Италия предоставила фламандцам заниматься будничными повседневными сценами мелкого жанра; она презирает пейзаж, не вдохновляется теми неодушевленными предметами, за изображения которых с таким наслаждением берется немецкий художник. Истинный предмет искусства, по мнению итальянцев, — только человеческое тело, все остальное, по словам Микеланджело, — пустая забава, которую можно предоставить меньшим талантам. «Для искусства нужно одно, — сказал Челлини, — уметь превосходно выписать мужской и женский торс». И действительно, итальянцы дошли в этом до совершенства. Их человеческое тело является на картинах здоровым, энергическим, атлетическим. Оно родственно античному телу Греции; каждая мышца, каждый сустав, каждый волнистый изгиб тела изучен до мельчайших подробностей, доведен до необычайной степени совершенства.
Всякая жестокость, все вызывающее ужас или сострадание — чуждо итальянской школе. Только в период упадка появляются в Болонье трагические сюжеты.
Мягкие, кроткие мотивы с воздушными очертаниями линий полны благородства и светлой, могучей силы таланта. Тут нет спокойного домашнего затишья, которым так часто веет от северных школ, но зато здесь вознесена человеческая личность на огромную высоту, проникнута высочайшей степенью христианской красоты и незлобия.
Период блестящего процветания итальянских школ был невелик: это всего каких-нибудь пятьдесят лет, последняя четверть XV века и лет тридцать XVI столетия. Круг художников тесен: в одну ли, в другую ли сторону отступите от этого круга, — вы встретитесь либо с невыработанными, неустановившимися формами, либо с искусством одряхлевшим и испортившимся. На небольшом пространстве времени скопилась плеяда таких имен, которые служат вековечными образцами того, что в полном смысле слова может быть названо искусством. Живопись выступает на первый план, архитектура и скульптура меркнут перед нею. Леонардо да Винчи, Микеланджело, Рафаэль, Андреа дель Сарто, Бартоломмео, Тициан и Корреджо — вот сила и слава Италии.
Конечно, могучая школа не явилась сразу; подготовительное изучение антиков образовало тот Ренессанс, который по самому значению слова показывает возрождение того, что уже существовало прежде.
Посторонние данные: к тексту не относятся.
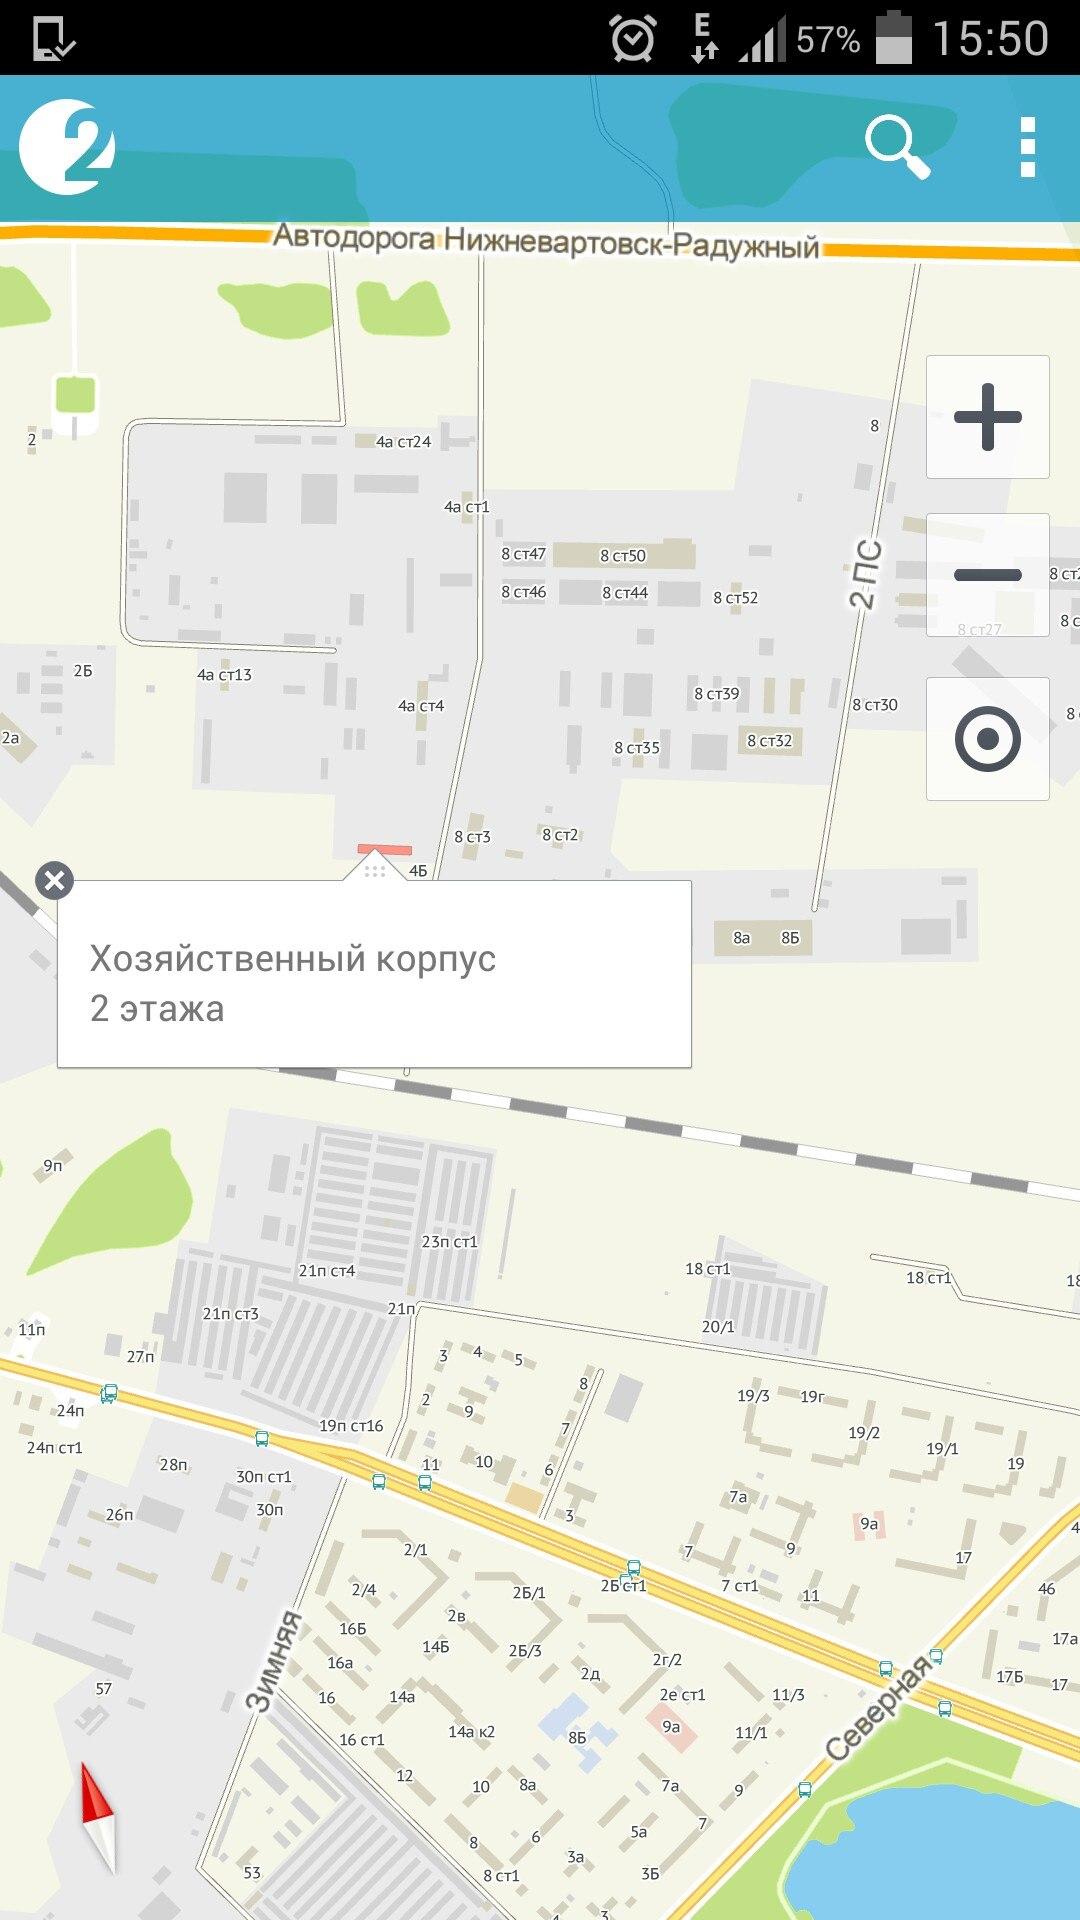 Бурение скважины в промзоне Нижневартовска

Первый период итальянской живописи открывается флорентийскими художниками, которые изучали живопись у греков, вызванных сенатом Флоренции для преподавания в школах. Первым мастером флорентийцев надо назвать Джотто, молодого пастуха, нарисовавшего на песке своих коз, замеченного художником Чимабуэ и взятого им в ученики. Изучив византийский стиль, Джотто не мог удовлетвориться его сухостью и перешел на изучение антика. Он вдохнул жизнь в искусство, отступил от мертвенной сухости библейских сюжетов, взялся за портреты, и мы ему обязаны изображением великого Данте. У него впервые проявляется то обилие глубоких мыслей, которым отличалась впоследствии флорентийская школа. Его нельзя назвать совершенным во всех деталях, но какой же новатор бывает совершенным! Его лица порой не изящны, частности очень слабы, но зато в общем он далеко оставляет за собой предшественников.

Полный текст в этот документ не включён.